«…сын Музы, Аполлонов избранник…». Статьи, эссе, заметки о личности и творчестве А. С. Пушкина - стр. 2
Отечественные литературоведы и зарубежные слависты уделяли внимание в основном первой волне русской эмиграции, которой суждено было связать свою жизнь с Европой («русский Париж», «русский Берлин», русская эмиграция в Польшу, Прагу, Италию и т. д.). Появилось большое количество публикаций, справочников, а также исследований, посвященных их литературно-критическому творчеству. Интерес к публицистике европейской ветви русской эмиграции остается живым до настоящего времени. Существуют издания критических статей, публицистики, мемуаров; немалое количество работ посвящено исследованию литературной критики и культурно-философской мысли русского зарубежья Европы. В авангарде исследований находятся такие ученые, как В. М. Толмачев, С. Р. Федякин, Т. Г. Петрова, О. А. Коростелев, М. Д. Филин и другие. Трудами ученых были реализованы серьезные проекты – изданы научно выверенные и прокомментированные книги, вводящие в оборот большой фактический литературно-критический и иной материал.[3]

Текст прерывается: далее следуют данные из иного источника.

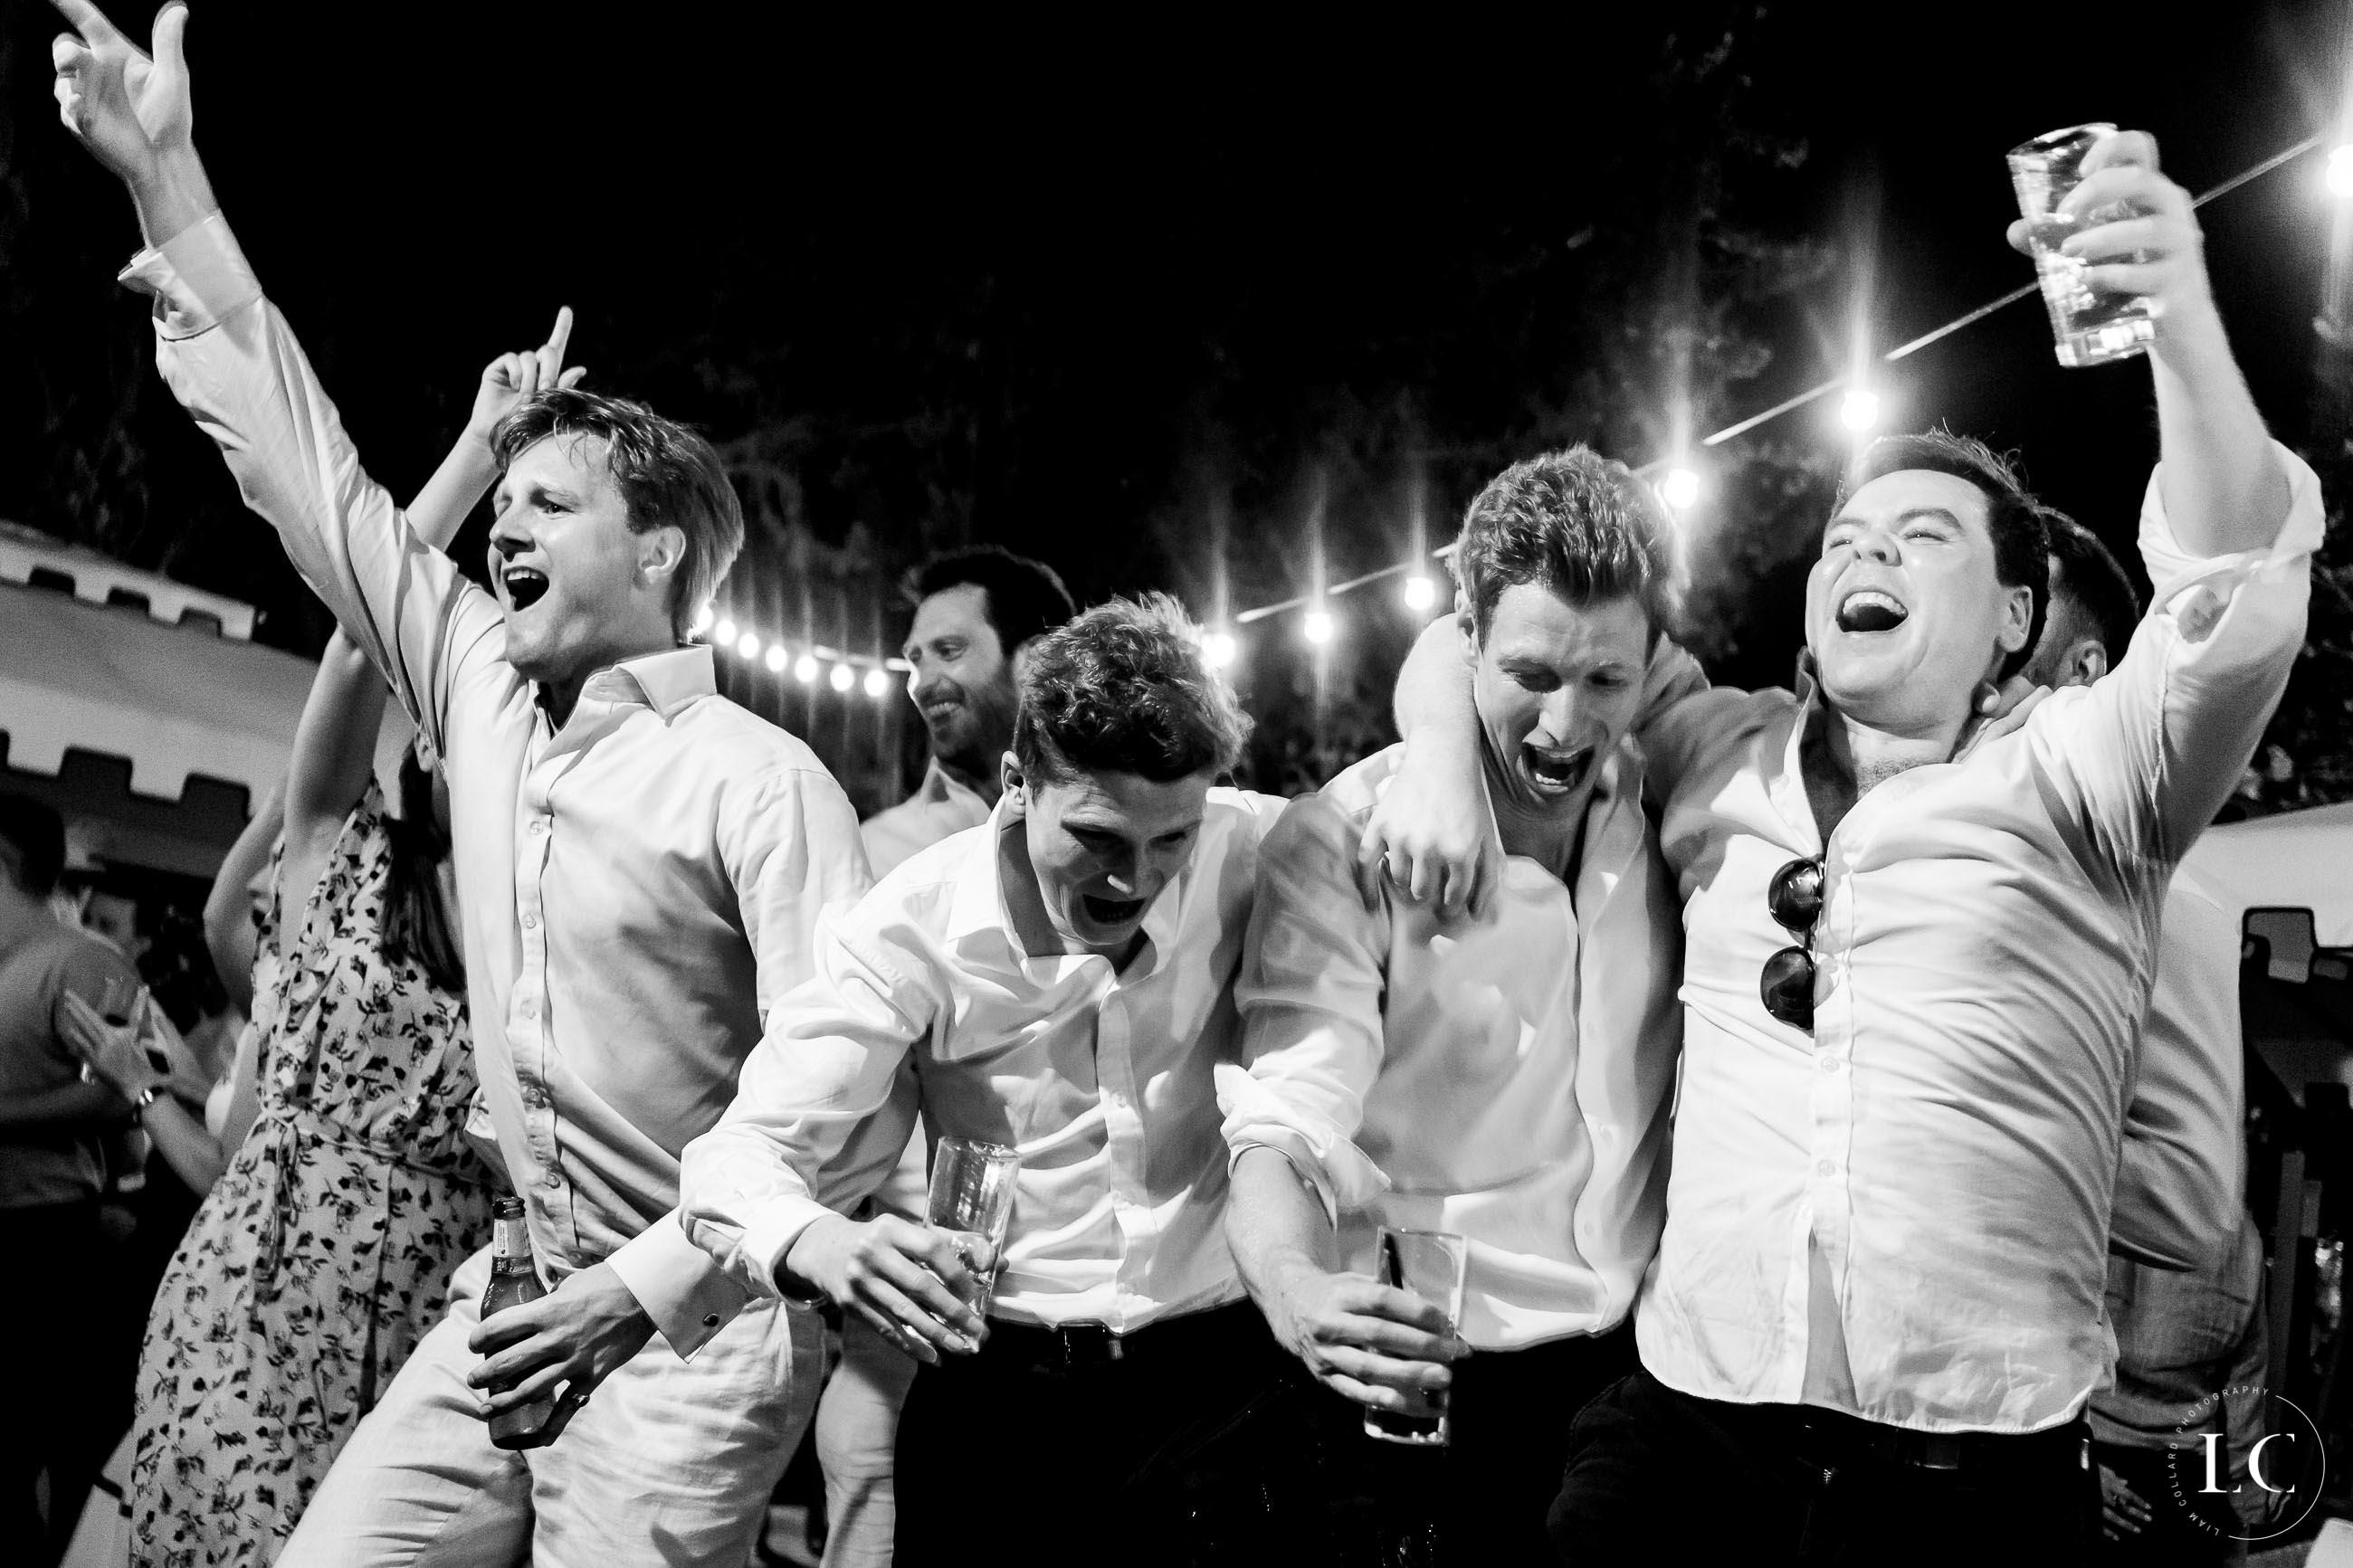 Groomsmen dancing and laughing

Подтвердилась мысль, некогда высказанная Г. П. Струве о том, что едва ли «не самым ценным вкладом зарубежных писателей в общую сокровищницу русской литературы должны будут быть признаны разные формы нехудожественной литературы – критика, эссеистика, философская проза, высокая публицистика и мемуарная литература».[4] И, действительно, в процессе научного освоения культурного наследия русского зарубежья отечественные исследователи пришли к согласованному мнению: без полной публикации списка авторов вряд ли возможно создание общей картины русского зарубежья, и, тем более, трудно оценить его вклад в русскую и мировую культуру. Другая мысль, в которой едины почти все филологи, сводится к тому, что до сих пор не существует полноценной истории критики русского зарубежья, а, следовательно, отсутствует выверенная методология, соответствующая ее статусу. Интерес представляют не только маститые, именитые критики. Нельзя игнорировать даже уровень «средней» критики и публицистики, значительная часть которой представлена газетными публикациями. И, наконец, если в 1990-е годы был заметен разрыв между исследованиями отечественной литературно-критической традиции и исследованиями критики русского зарубежья, то сейчас такого разрыва нет. Критика и публицистика эпохи изгнания ныне рассматривается в единстве с контекстом всей истории русской литературы.
Сказанное позволяет сделать такой вывод: нельзя рассматривать литературно-критическое наследие русской эмиграции Китая как нечто «низкопробное» – мнение, которое бытует еще с 1920-х годов. В научном и культурно-историческом собирании «русского мира» важен каждый атом, важны все статьи, заметки, эссе, сколь бы «низкопробными» они ни казались. Да и вообще справедливо ли, научно ли оценивать их по принципу «хорошо» / «плохо»? Не случайно творческому наследию русской эмиграции в Китае не так сильно везло в сравнении с тем, что создано русской эмиграцией в Европе. До настоящего времени не выяснено, какую роль играло это наследие в литературном и – шире – в культурном и духовном самоопределении восточной ветви русской эмиграции. Отсутствие более или менее целостного понимания литературы «русского Китая» связано с понятными причинами – ее изучение началось позже, чем изучение литературы русского зарубежья на Западе.